Coulée de Serrant 2002 : belle fraîcheur, assez austère, il m'a semblé. Mais pas la grande émotion pour le moment.
voilà , 10 minutes top chrono... et surtout, je crois que dans ce domaine, ils n'ont pas compris ce que douceur angevine signifiait... il y règne une "vibration" (si j'ose me permettre), enfin une atmosphère que je trouve détestable ... Ce ne sont pas les passionnés qu'on accueille ici-bas, ce sont les carnets de chèque !!!
Pour me remettre de cette non-émotion, je file chez Pierre Soulez, qui me reçoit en personne. On voit qu'il a l'habitude de commander et ne s'en laisse pas compter (surtout avec les journalistes...), mais en toute cordialité. Contrairement à ce que je pensais (après avoir lu le B&D), les 2002 sont en bouteille, mais pas encore disponibles à la vente (8 mois de repos...). Sortie pas avant début 2005.
Seuls les 2001 sont en dégustation :
Savennières Bizolière : bien fait, mais ne m'intéresse pas particulièrement. A laisser vieillir, comme son aîné 99 très en verve actuellement.

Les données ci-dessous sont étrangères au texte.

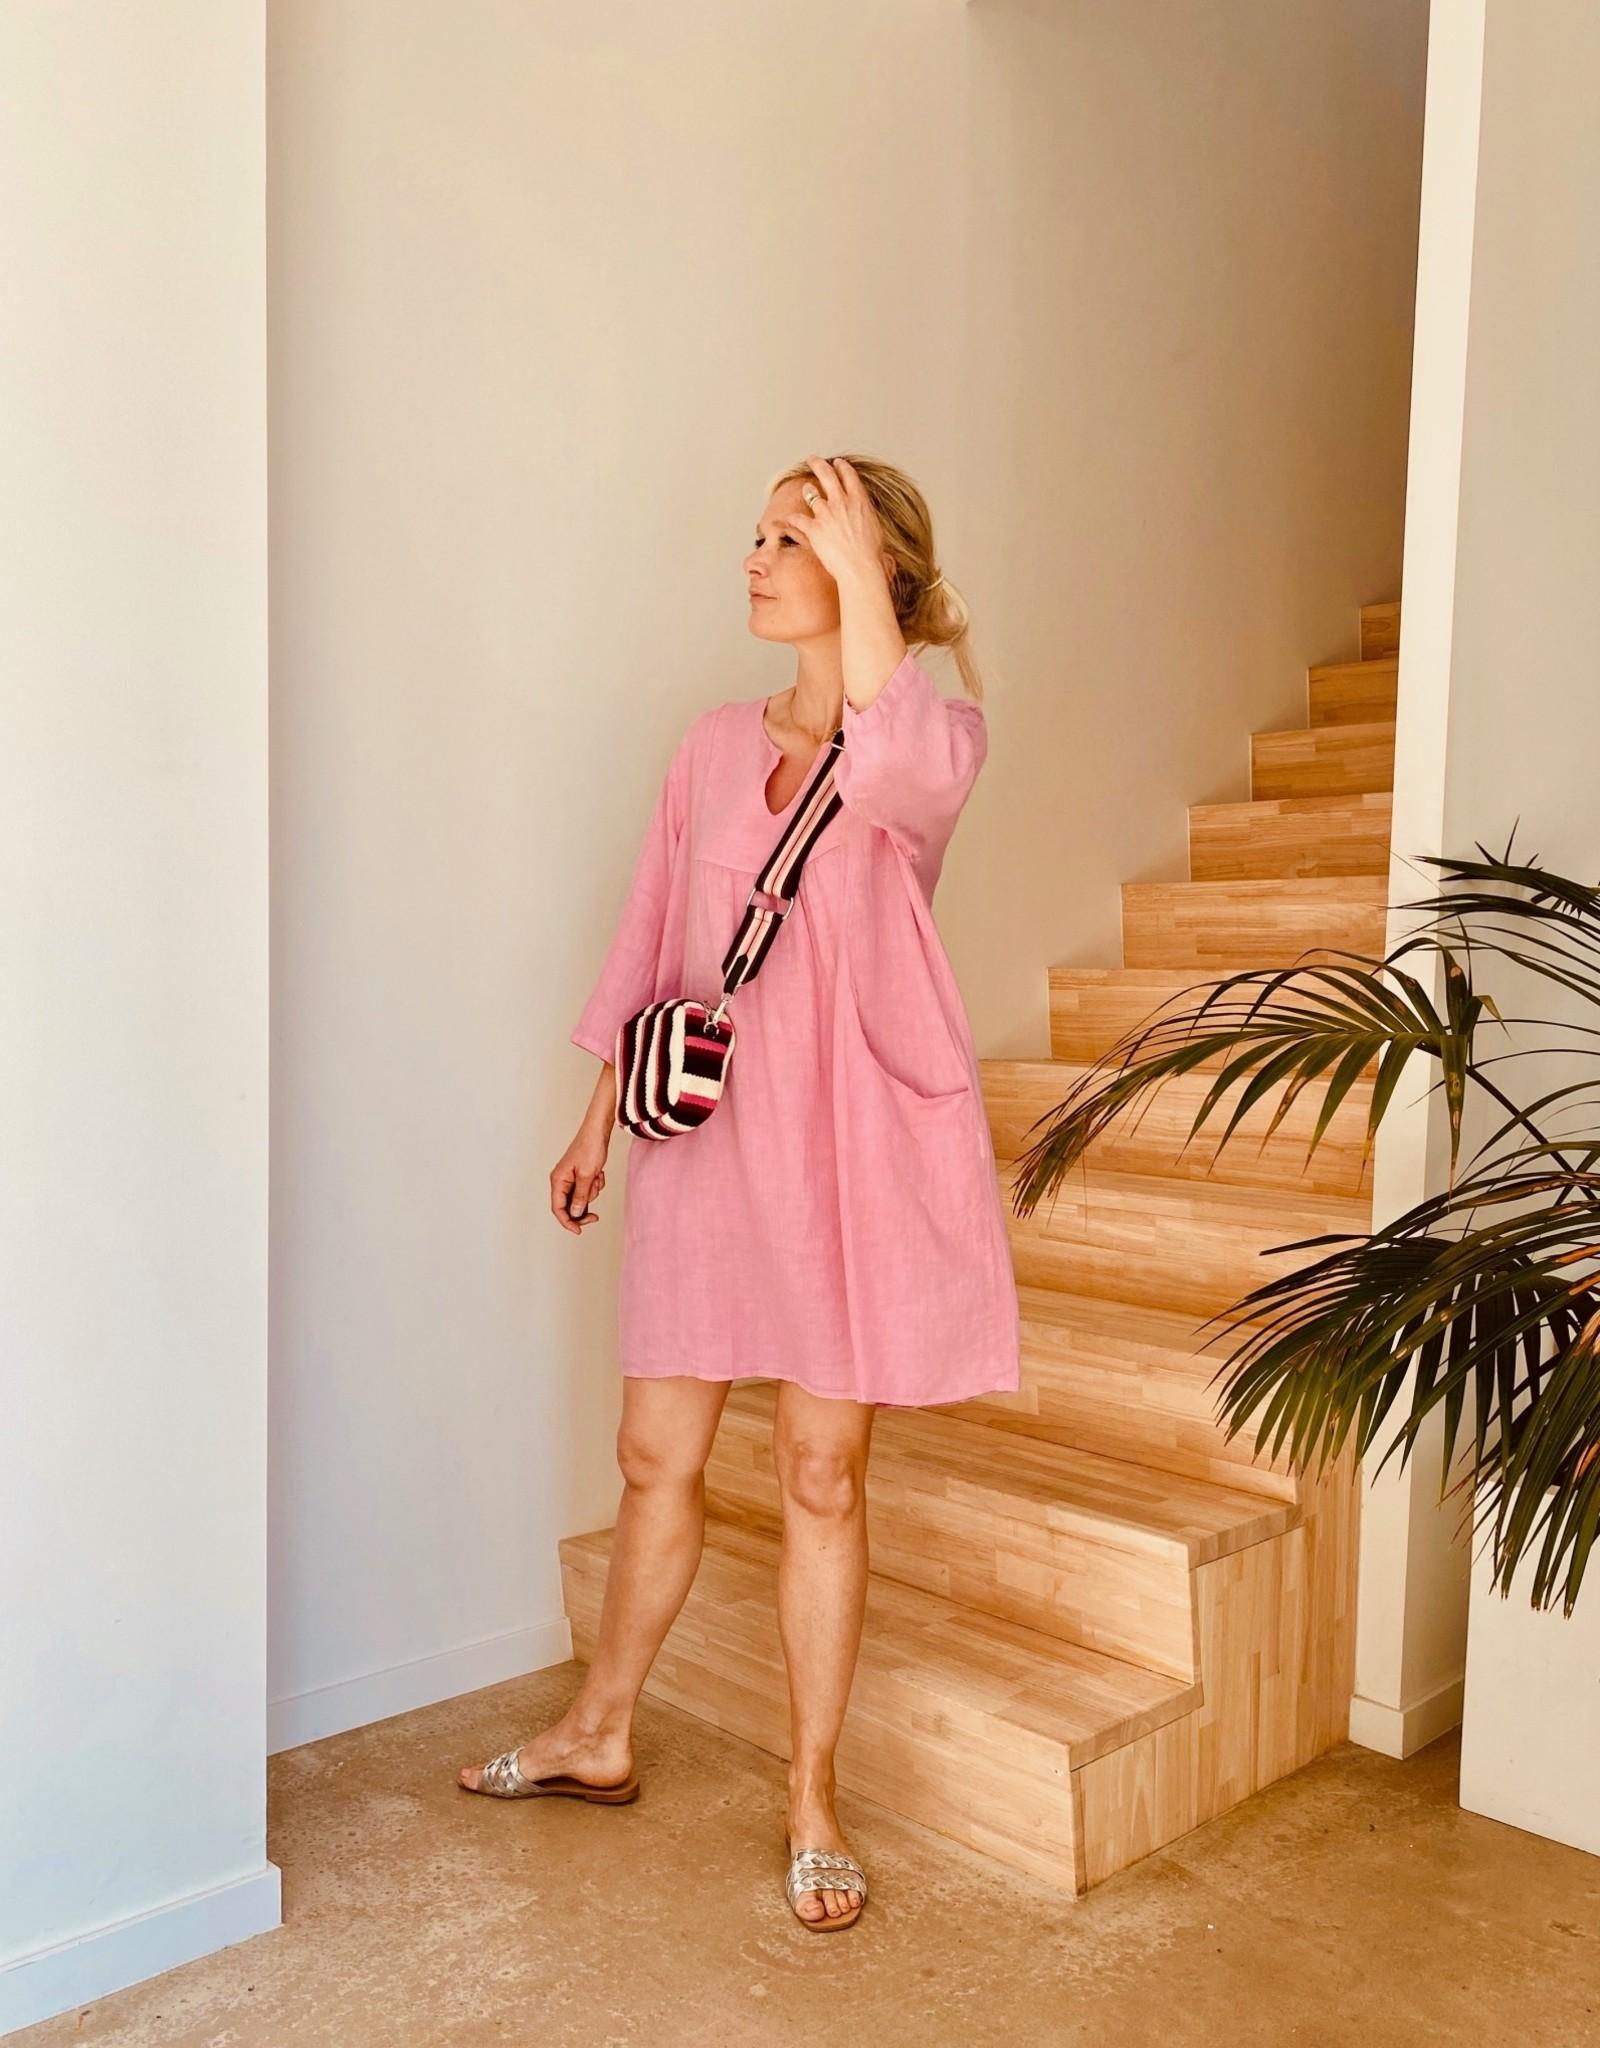 The Golden House Jurk 'Jane' - V198 - Taille Unique - Roze

Savennières Roche aux Moines ch. de Chamboureau : robe soutenue, dorée, comme tous les 01 du domaine (forte proportion de botrytis). Joli vin, bien équilibré, à la noble amertume ; bel avenir.
Savennières Clos du Papillon : on passe dans la catégorie moelleux (40 g/L). Nez complexe, séducteur, marqué par un certain rôti. C'est le vin que j'ai le moins aimé, car une note oxydative apparaissait en finale et la longueur était un peu décevante, lui enlevant beaucoup de race. Mais, la bouteille était peut-être ouverte depuis un long moment, car le nez comme la première impression en bouche était très positive. A revoir.

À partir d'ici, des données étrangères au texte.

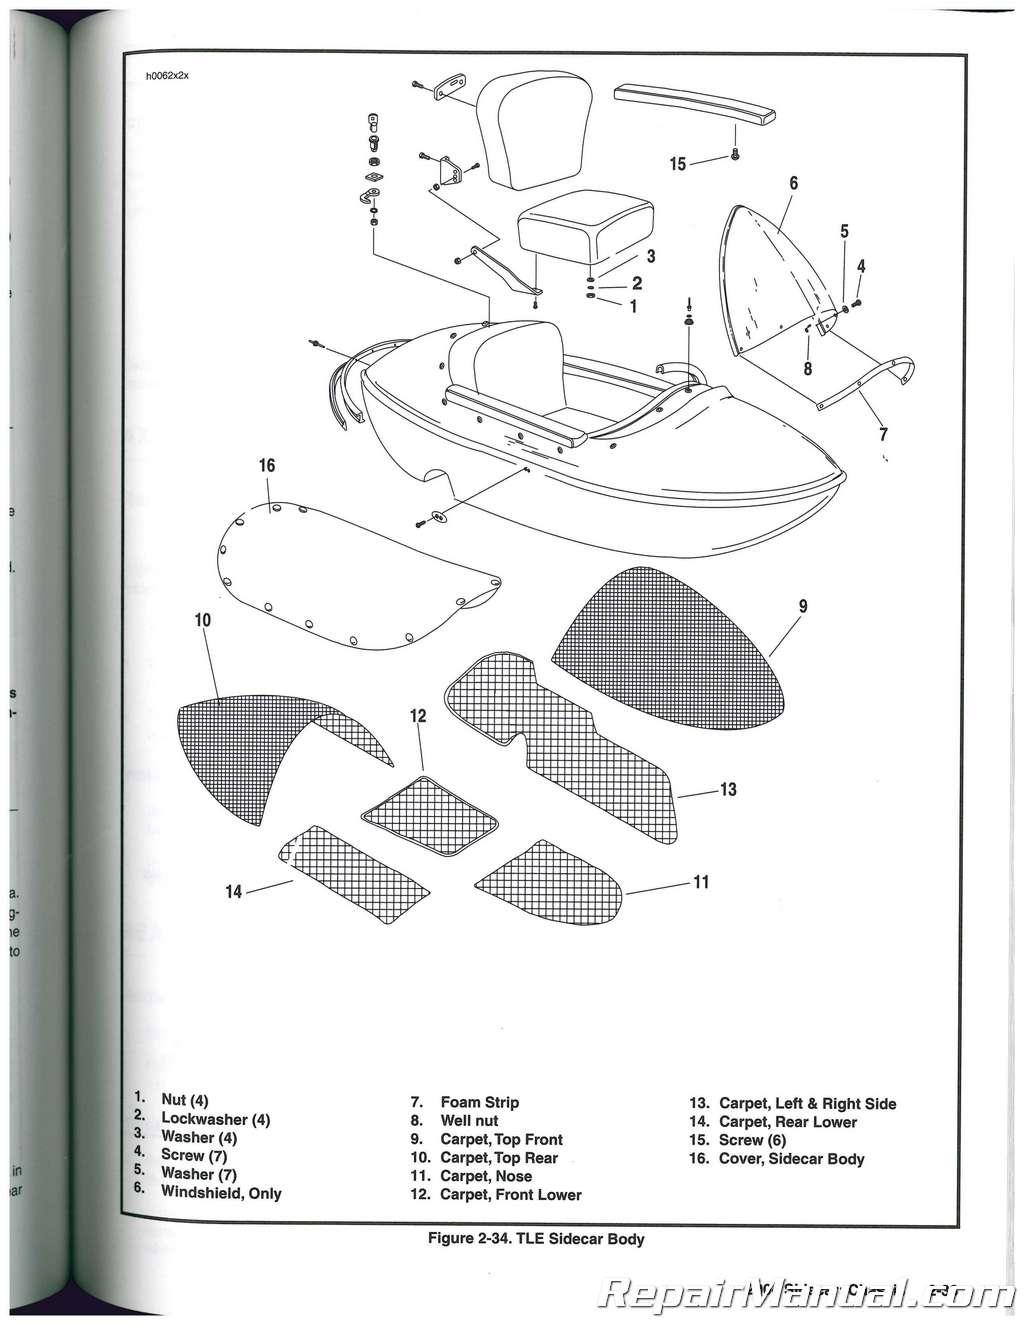 1999-2004 Harley Davidson Sidecar Service Manual

Savennières RaM doux Chevalier de Buhard (50 cL) : superbe liquoreux (euh...doux), issu de raisins atteints de pourriture noble, riche mais doté d'une agréable fraîcheur portée par les amers nobles. Vraiment une très jolie bouteille à encaver !
Je suis reparti définitivement amoureux des Savennières, avec l'espoir de revenir bientôt et surtout d'y passer plus de temps qu'une après-midi et de pouvoir prendre en photo les magnifiques coteaux.